Element partitioning in fluid/melt systems has been addressed in a large number of studies. Most of these have employed bulk analytical techniques to determine of the compositions of the coexisting phases. In such studies the challenge of demonstrating good yields and excluding or correcting for quenching effects can be great. A complementary approach is to trap the fluid phase within the quenched glass as fluid inclusions and directly microanalyse the contents. We are concentrating on the area of fluid-melt partitioning during the degassing of silicic magmas. Using methods for the synthesis and physical characterisation of fluid inclusions in glass developed recently, synthetic aqueous halide-bearing fluid inclusions in a haplogranitic glass matrix (HPG8) are produced by rapidly quenching a fluid-saturated melt. These samples are then micro-analyzed by laser ablation ICP-MS. LA-ICP-MS serves as an effective and simple tool for the analysis of single fluid inclusions, and much work has been done on fluid inclusions in natural quartz samples using this technique.
Initial experiments have been performed with "doped" HPG8 (doped with 20 elements ranging in atomic number from Li to W, each at ca. 700 ppm) and NaCl-solutions (up to 10 wt% NaCl) or with undoped HPG8 together with doped NaCl-solutions (up to 4 mol% NaCl, up to 5 elements, each at 1000 ppm). The syntheses have been performed in hydrothermal cold-seal vessels at 2 kbars and 850°C. Quenched samples are polished to a thickness of up to 250 µm, such that the fluid inclusions are clearly visible in transmitted light microscopy.
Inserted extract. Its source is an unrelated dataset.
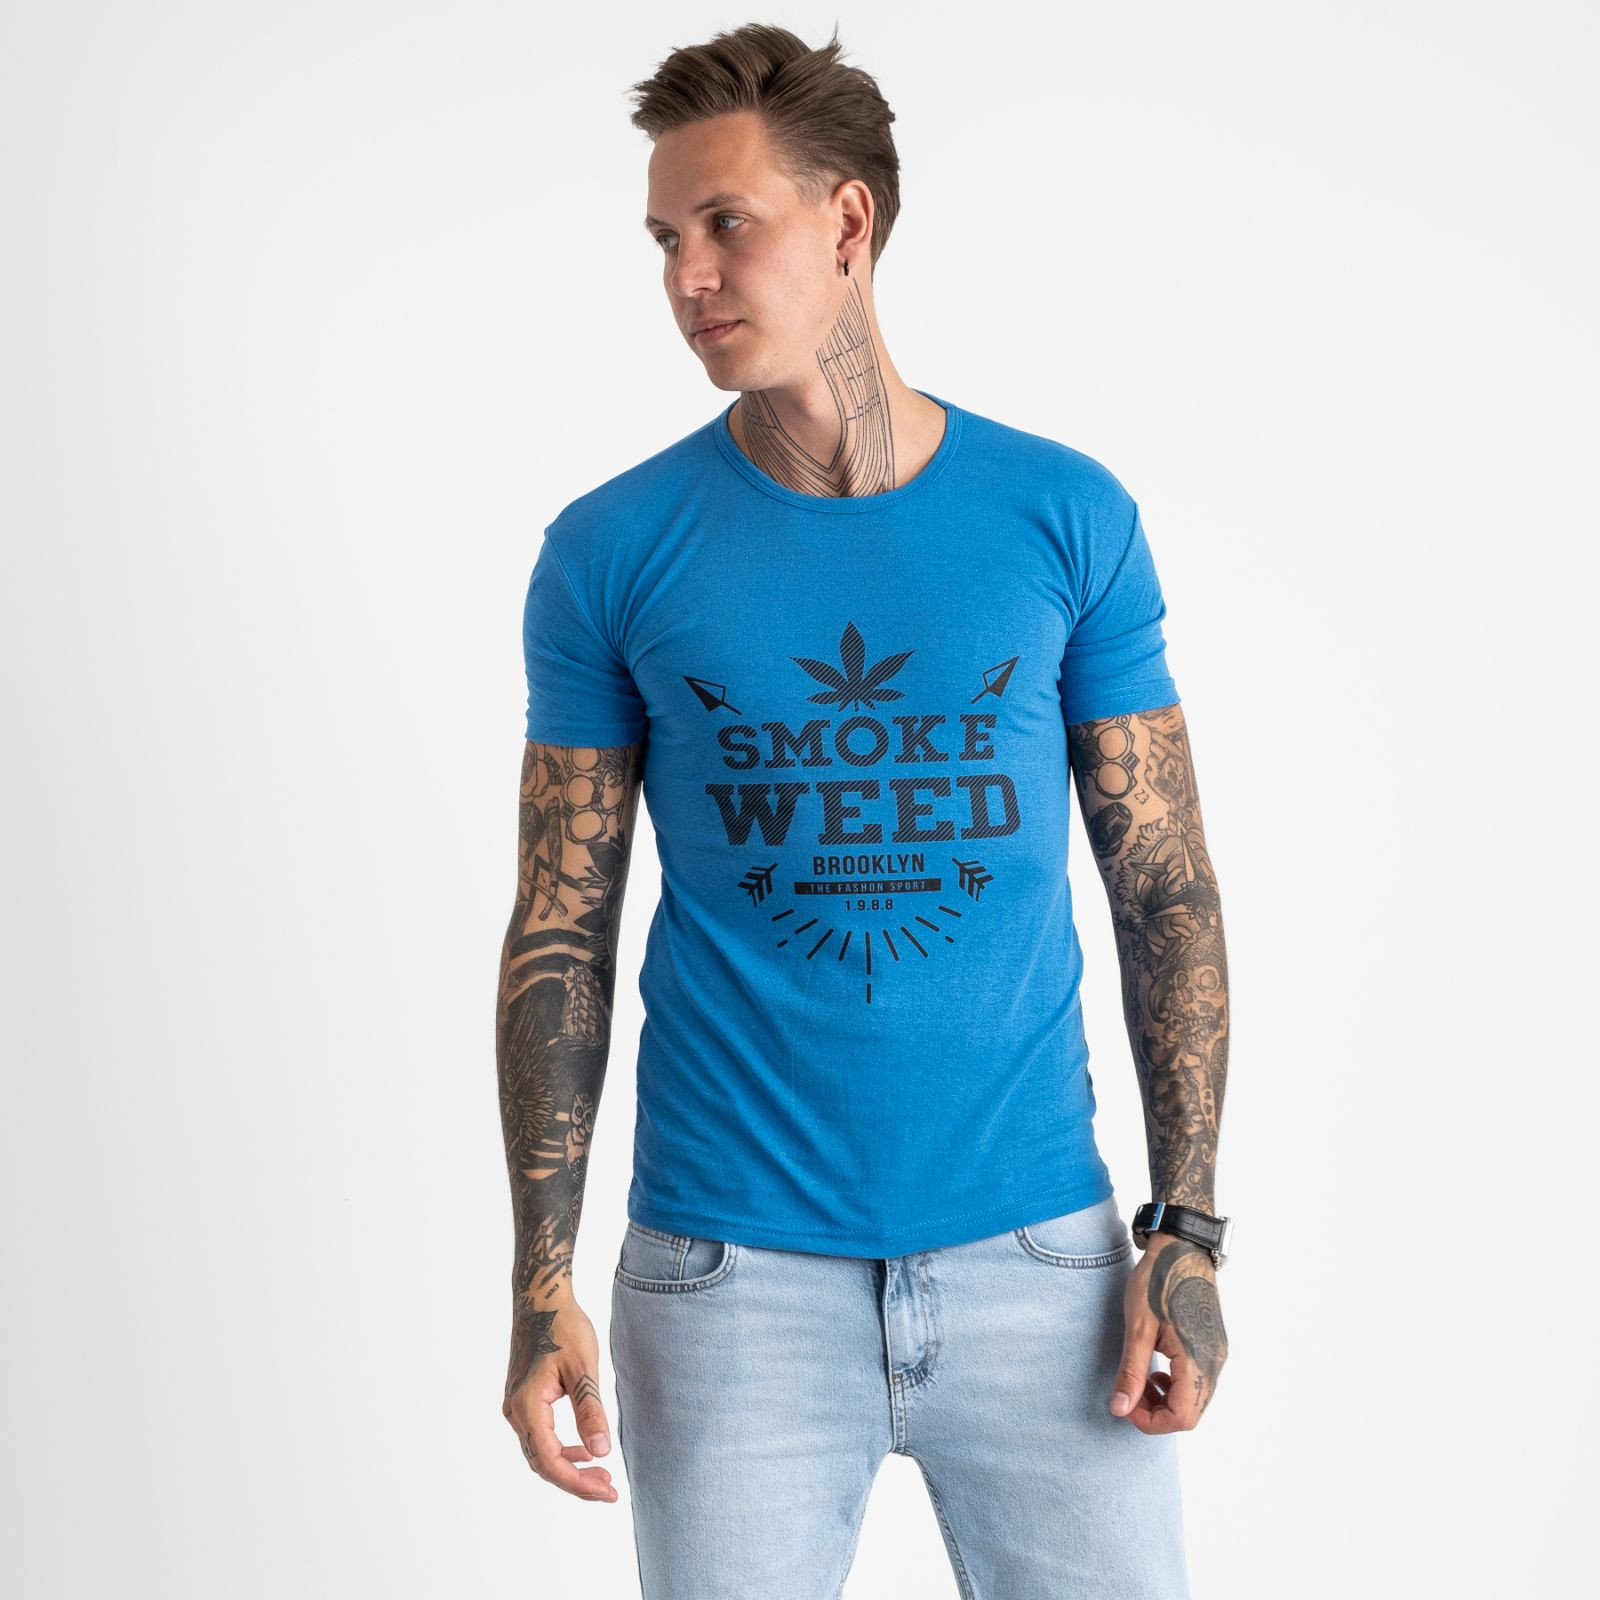 2613-12 голубая футболка мужская с принтом (4 ед. размеры: M.L.XL.2XL)
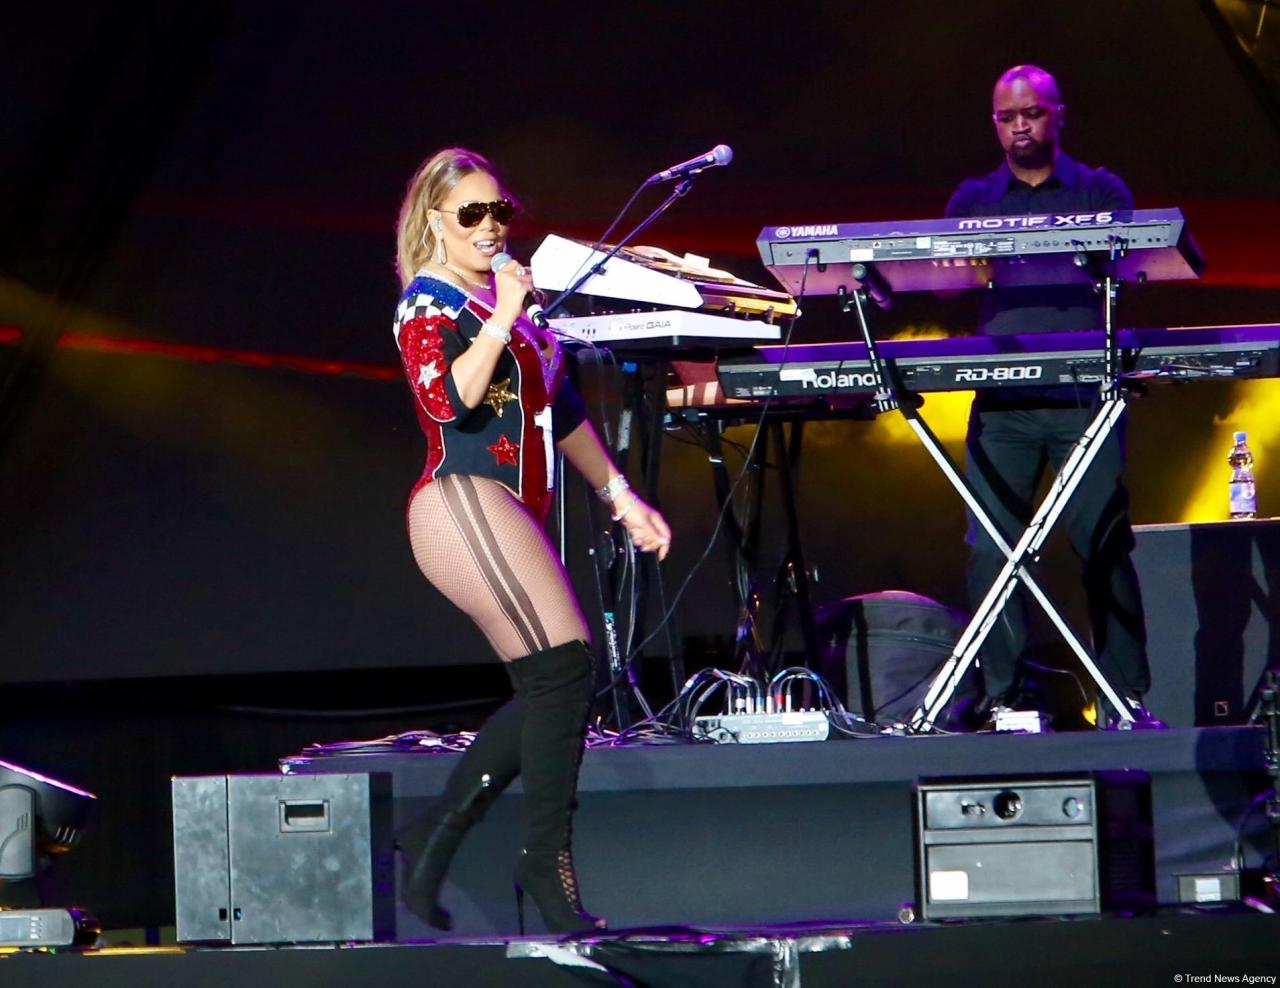 Mariah Carey's concert held in Baku [PHOTO]

The first investigations using LA-ICP-MS have been performed with a PQ2+"S" (Fisons Instruments) coupled with a quadroupled Nd:YAG laser at Memorial University, St. John's and with the ELAN 6000 (Perkin Elmer) in combination with an excimer laser at the ETH, Zürich. A series of analyses was performed to evaluate the effects of varying inclusion size (20-150 µm in diameter) and depth as well as analytical parameters (laser energy, repetition rate, diameter of the laser) in order to optimize the analytical protocol. For internal standardization we have chosen Cl because the bulk salinity can be determined independently by heating/cooling stage fluid inclusion microthermometry. For glass matrix calibration we use NBS-standards (612 and 610) and for the fluid inclusions, element aqueous standard solutions of 50 ppm. Preliminary investigations yield time-resolved mass spectra allowing a clear separation between the matrix and the fluid inclusion signals. We are presently refining the internal standardization and the calibration procedures.